Derive the formula for the range of a projectile $(R)$. Derive the formula for the maximum range of a projectile.

(N/A) The range $(R)$ is defined as the horizontal distance traveled by a projectile from its initial position $(x=0, y=0)$ to the final position $(x=R, y=0)$ where it returns to the same horizontal level.
At any instant of time $t$,the horizontal position is given by $x = (v_0 \cos \theta_0) t$.
At the time of flight $t_F$,the horizontal distance is $R = (v_0 \cos \theta_0) t_F$.

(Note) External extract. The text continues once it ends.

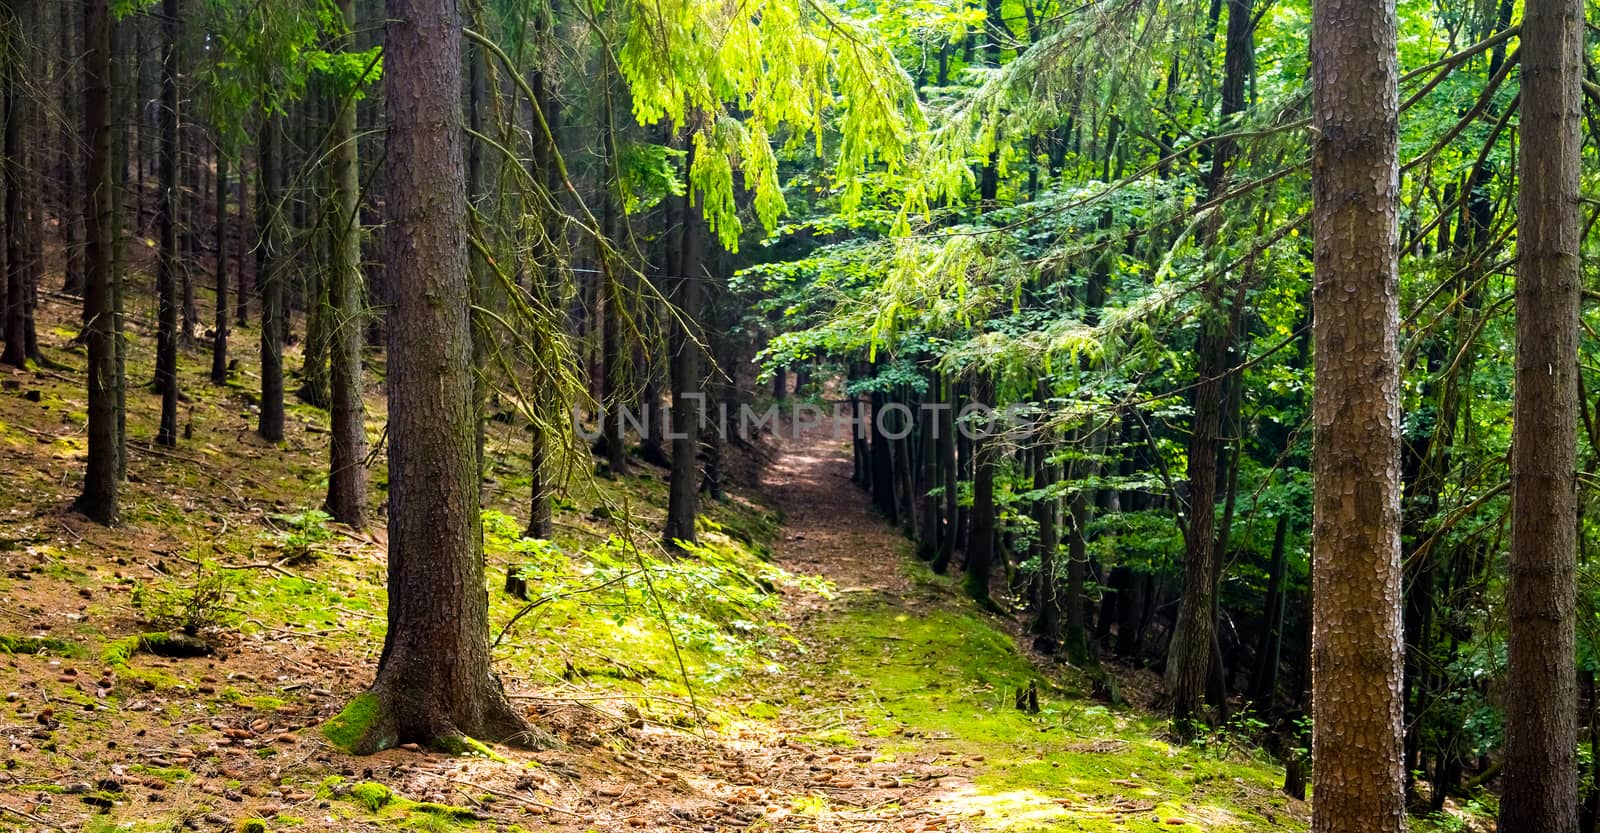 The spruce forest path with moss on ground
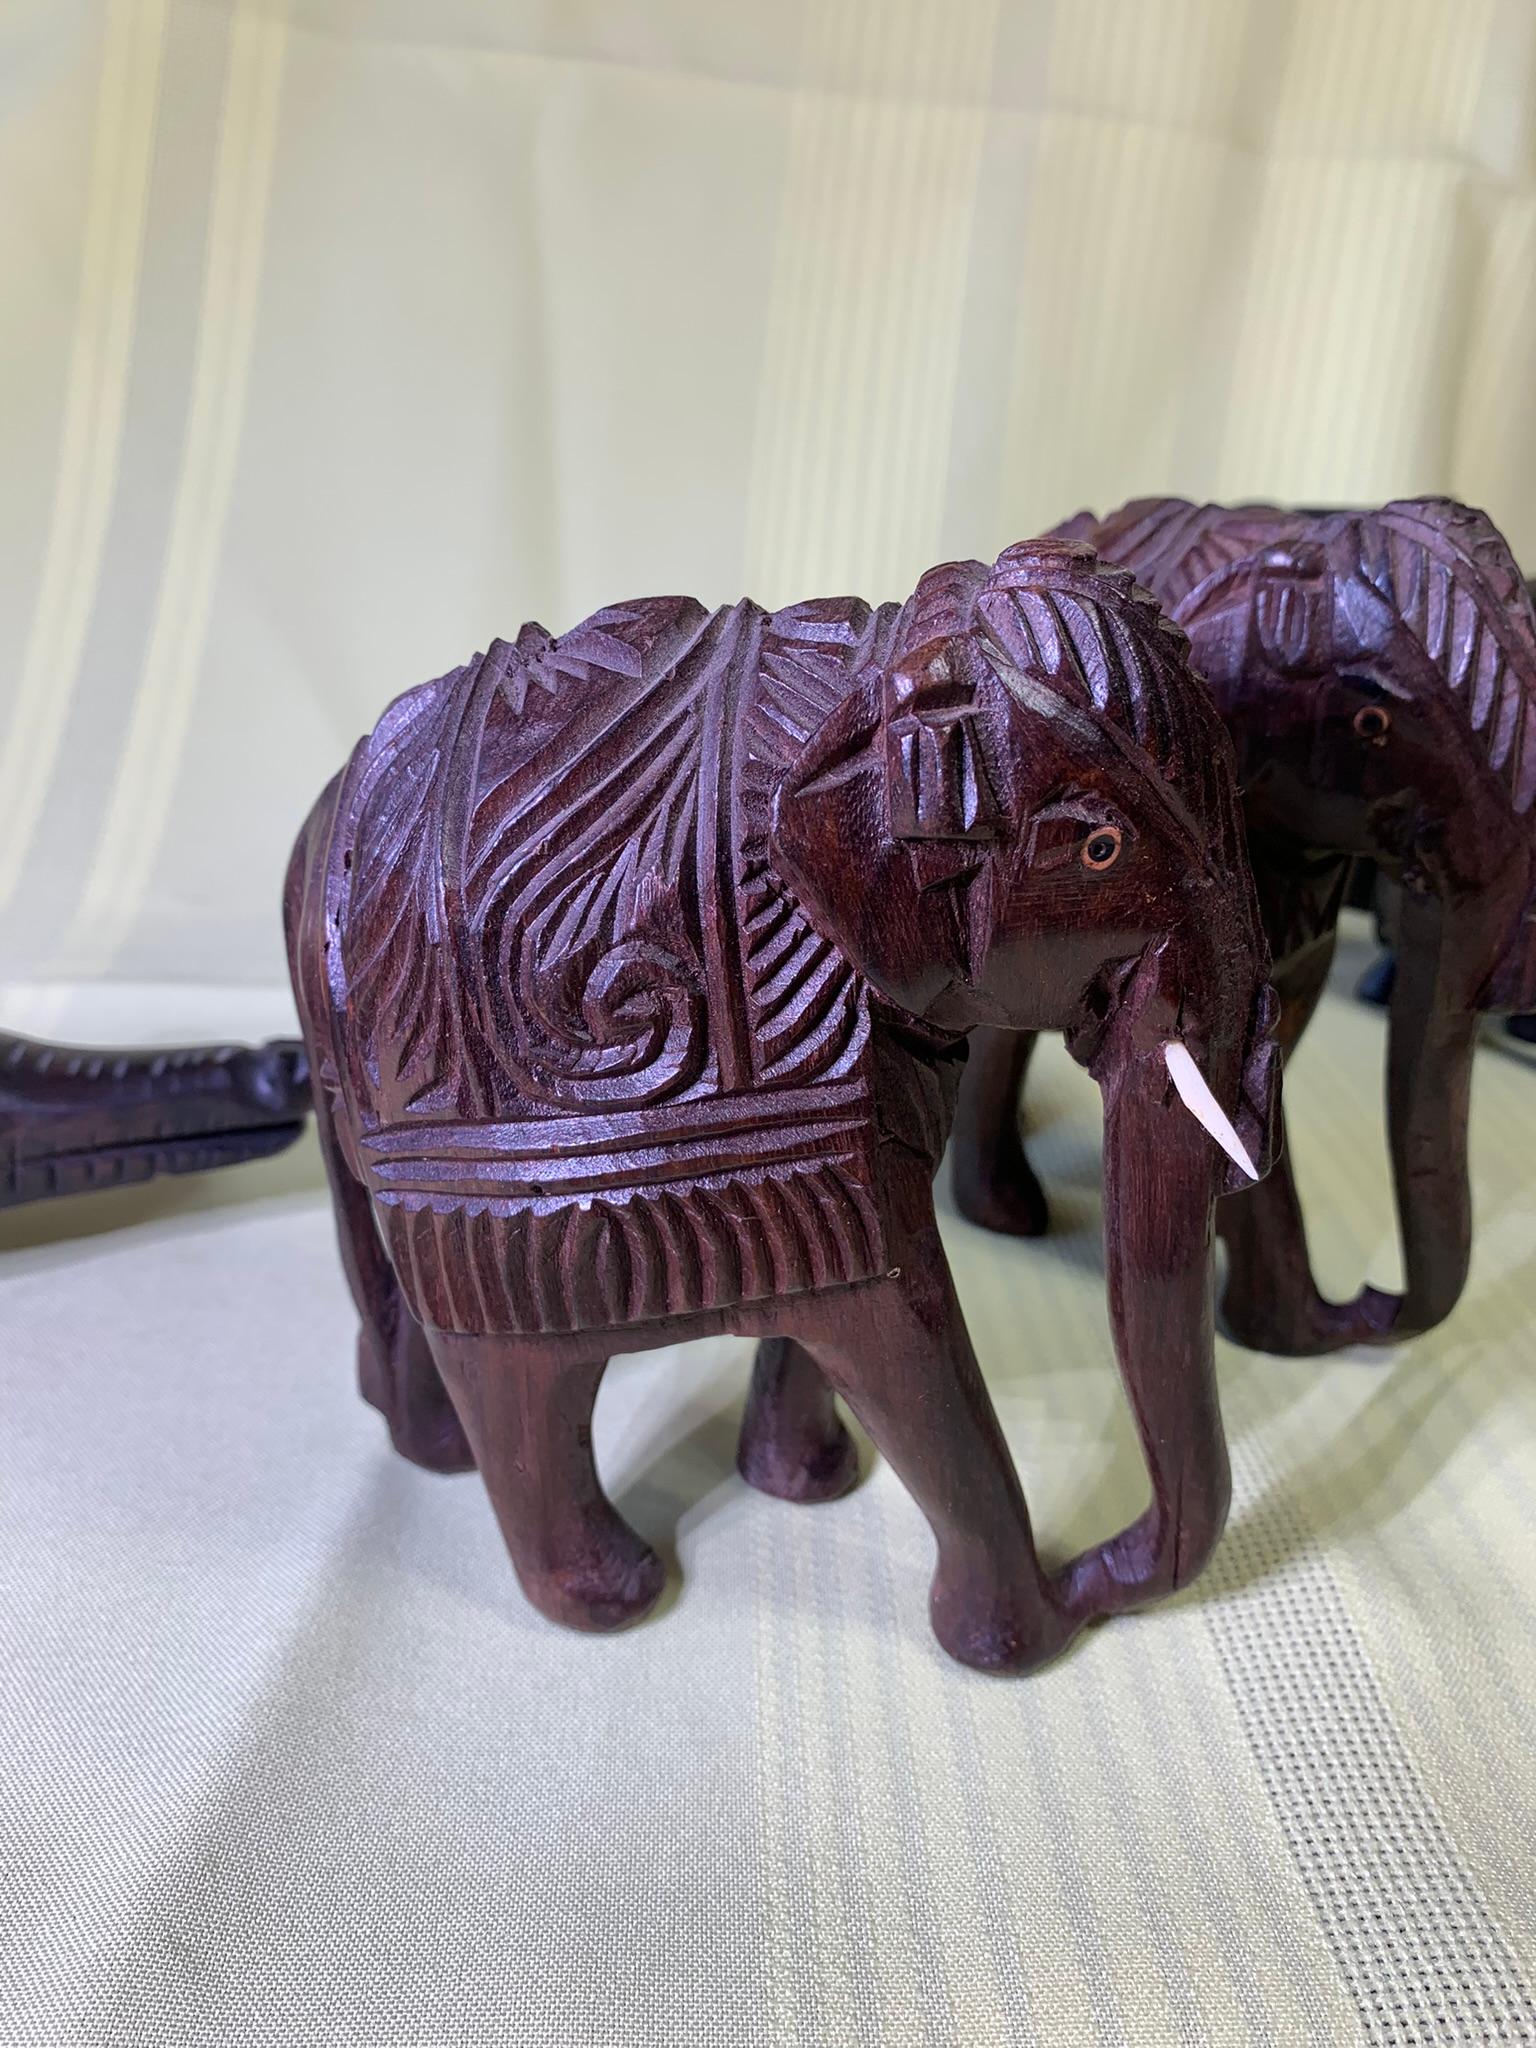 Group of Carved Wooden Animals - Some Made from Ebony from Africa

Since the time of flight is $t_F = \frac{2 v_0 \sin \theta_0}{g}$,we substitute this into the range equation:
$R = (v_0 \cos \theta_0) \left( \frac{2 v_0 \sin \theta_0}{g} \right)$
$R = \frac{v_0^2 (2 \sin \theta_0 \cos \theta_0)}{g}$
Using the trigonometric identity $\sin 2\theta_0 = 2 \sin \theta_0 \cos \theta_0$,we get:
$R = \frac{v_0^2 \sin 2\theta_0}{g}$
For maximum range $(R_{\max})$,the value of $\sin 2\theta_0$ must be maximum,which is $1$.
$\sin 2\theta_0 = 1 \implies 2\theta_0 = 90^\circ \implies \theta_0 = 45^\circ$.
Substituting $\sin 2\theta_0 = 1$ into the range formula:
$R_{\max} = \frac{v_0^2}{g}$.